Filter the listing below, please, and copy only the lines with the word "Video".
:: DATA RECORDS
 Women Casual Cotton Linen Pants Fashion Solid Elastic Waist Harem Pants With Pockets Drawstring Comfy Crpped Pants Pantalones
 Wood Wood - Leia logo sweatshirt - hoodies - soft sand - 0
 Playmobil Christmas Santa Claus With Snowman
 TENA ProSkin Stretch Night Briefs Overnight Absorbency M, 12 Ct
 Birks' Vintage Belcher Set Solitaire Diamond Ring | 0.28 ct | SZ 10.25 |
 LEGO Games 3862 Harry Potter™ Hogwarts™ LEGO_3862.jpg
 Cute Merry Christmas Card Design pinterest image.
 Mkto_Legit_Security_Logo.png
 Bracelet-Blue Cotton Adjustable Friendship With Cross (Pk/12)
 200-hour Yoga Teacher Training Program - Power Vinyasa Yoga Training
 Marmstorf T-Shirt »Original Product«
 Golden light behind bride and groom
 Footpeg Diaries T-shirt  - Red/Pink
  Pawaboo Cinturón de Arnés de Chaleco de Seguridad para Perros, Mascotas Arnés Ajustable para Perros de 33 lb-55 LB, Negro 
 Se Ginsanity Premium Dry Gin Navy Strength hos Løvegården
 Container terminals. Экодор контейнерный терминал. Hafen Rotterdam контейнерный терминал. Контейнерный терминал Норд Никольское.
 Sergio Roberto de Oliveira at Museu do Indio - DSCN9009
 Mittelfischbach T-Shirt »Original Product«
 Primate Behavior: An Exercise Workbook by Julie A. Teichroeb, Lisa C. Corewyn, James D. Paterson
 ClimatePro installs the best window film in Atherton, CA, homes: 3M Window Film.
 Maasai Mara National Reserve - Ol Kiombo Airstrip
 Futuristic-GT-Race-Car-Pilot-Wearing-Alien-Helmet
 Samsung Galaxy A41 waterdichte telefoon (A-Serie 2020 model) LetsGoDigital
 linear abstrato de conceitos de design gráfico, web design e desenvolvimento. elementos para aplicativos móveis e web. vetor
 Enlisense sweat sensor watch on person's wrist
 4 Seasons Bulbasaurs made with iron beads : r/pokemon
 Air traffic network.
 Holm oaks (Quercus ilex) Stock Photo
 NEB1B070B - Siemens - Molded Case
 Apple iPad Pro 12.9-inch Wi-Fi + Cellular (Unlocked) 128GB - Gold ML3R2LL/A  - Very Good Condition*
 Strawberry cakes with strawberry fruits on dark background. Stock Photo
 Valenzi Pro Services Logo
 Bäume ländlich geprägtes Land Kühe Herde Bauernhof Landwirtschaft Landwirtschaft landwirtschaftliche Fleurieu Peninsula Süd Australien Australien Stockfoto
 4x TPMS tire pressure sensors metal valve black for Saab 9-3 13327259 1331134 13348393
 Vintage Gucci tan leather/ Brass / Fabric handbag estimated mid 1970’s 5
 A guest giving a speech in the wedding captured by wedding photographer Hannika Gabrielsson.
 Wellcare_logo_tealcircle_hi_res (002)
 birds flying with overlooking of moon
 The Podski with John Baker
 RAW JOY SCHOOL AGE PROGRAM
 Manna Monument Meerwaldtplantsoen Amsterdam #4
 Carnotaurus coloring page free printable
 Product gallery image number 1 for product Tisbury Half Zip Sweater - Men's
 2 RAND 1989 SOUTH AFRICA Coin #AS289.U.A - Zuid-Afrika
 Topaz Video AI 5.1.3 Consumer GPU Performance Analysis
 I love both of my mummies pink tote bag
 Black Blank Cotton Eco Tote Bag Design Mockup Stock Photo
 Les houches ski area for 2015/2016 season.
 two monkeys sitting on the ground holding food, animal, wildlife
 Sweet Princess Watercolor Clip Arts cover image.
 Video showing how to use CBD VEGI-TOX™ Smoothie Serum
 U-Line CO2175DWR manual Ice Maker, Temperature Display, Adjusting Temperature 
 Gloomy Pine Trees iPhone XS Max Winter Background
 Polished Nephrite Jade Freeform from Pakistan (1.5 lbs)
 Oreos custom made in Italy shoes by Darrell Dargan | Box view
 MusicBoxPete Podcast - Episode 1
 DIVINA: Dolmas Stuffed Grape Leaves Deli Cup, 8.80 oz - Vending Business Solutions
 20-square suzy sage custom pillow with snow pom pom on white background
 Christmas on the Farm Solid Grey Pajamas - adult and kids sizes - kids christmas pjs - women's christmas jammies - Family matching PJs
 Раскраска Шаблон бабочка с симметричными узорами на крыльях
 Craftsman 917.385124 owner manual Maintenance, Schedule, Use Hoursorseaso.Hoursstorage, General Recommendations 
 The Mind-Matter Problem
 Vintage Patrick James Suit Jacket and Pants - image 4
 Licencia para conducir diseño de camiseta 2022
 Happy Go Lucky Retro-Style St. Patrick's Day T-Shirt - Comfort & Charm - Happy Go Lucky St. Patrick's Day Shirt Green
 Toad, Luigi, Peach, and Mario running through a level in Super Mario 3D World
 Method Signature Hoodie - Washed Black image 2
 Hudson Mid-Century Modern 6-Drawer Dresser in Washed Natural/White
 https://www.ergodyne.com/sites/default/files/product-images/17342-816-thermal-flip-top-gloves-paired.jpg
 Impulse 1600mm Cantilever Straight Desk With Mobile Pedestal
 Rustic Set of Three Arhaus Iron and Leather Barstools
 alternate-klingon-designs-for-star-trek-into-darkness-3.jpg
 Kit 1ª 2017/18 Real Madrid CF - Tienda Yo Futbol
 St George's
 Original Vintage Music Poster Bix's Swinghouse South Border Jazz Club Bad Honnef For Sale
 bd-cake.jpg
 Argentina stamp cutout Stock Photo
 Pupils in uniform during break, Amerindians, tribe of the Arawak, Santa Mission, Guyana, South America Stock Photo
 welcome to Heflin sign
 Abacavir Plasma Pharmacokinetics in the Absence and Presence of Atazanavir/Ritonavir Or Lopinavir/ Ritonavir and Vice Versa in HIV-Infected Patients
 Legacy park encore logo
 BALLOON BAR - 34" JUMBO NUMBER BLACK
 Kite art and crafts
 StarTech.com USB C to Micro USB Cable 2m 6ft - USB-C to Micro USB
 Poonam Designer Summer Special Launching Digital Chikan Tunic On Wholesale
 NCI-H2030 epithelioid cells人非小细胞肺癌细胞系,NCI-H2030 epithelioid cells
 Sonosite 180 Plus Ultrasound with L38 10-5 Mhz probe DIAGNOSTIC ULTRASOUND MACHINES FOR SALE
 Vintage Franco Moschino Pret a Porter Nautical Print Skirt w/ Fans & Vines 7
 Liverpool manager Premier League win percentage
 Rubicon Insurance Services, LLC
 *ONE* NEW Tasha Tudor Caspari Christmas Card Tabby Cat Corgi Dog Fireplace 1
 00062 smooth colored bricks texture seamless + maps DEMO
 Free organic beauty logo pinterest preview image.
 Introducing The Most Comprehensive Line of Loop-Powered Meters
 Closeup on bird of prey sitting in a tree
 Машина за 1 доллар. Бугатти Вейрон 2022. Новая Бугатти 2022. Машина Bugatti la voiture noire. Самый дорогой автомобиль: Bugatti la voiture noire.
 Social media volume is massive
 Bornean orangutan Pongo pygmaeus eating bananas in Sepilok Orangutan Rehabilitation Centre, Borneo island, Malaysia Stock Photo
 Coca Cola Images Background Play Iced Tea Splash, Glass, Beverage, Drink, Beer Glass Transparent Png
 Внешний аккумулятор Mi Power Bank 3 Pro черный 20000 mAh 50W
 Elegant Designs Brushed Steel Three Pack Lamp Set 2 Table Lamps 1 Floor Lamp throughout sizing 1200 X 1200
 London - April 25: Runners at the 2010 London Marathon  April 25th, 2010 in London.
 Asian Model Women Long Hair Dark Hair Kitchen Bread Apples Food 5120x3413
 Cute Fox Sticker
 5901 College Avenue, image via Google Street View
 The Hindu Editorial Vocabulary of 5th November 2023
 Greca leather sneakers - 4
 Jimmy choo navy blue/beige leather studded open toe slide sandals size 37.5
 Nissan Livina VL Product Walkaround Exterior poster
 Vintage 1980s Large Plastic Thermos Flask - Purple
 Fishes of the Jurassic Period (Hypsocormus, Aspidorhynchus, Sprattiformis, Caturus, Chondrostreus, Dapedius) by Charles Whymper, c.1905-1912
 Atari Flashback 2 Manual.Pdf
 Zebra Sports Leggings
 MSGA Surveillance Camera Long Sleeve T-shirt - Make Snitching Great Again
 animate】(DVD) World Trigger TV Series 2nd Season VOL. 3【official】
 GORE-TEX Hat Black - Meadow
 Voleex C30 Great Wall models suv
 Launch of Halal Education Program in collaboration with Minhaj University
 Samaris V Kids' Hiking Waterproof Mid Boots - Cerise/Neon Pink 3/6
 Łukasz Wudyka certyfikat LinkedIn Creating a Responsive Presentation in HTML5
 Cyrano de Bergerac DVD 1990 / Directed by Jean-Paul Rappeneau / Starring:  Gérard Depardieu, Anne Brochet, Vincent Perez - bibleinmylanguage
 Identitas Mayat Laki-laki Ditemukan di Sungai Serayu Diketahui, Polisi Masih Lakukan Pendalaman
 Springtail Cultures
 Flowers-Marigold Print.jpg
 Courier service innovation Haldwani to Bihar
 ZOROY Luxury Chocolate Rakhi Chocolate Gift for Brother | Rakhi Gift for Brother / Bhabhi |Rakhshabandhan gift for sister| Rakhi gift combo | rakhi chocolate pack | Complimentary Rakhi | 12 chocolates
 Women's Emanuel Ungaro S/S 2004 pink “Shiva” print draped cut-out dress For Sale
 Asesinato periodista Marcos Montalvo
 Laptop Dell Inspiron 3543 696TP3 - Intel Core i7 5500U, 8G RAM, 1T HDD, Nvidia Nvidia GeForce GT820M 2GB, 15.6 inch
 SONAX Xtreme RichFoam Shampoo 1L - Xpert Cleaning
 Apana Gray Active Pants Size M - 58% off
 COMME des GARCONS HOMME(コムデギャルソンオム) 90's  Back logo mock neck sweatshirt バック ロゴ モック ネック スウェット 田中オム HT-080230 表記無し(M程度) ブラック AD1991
::::
WORKED SOLUTION:
 Topaz Video AI 5.1.3 Consumer GPU Performance Analysis
 Video showing how to use CBD VEGI-TOX™ Smoothie Serum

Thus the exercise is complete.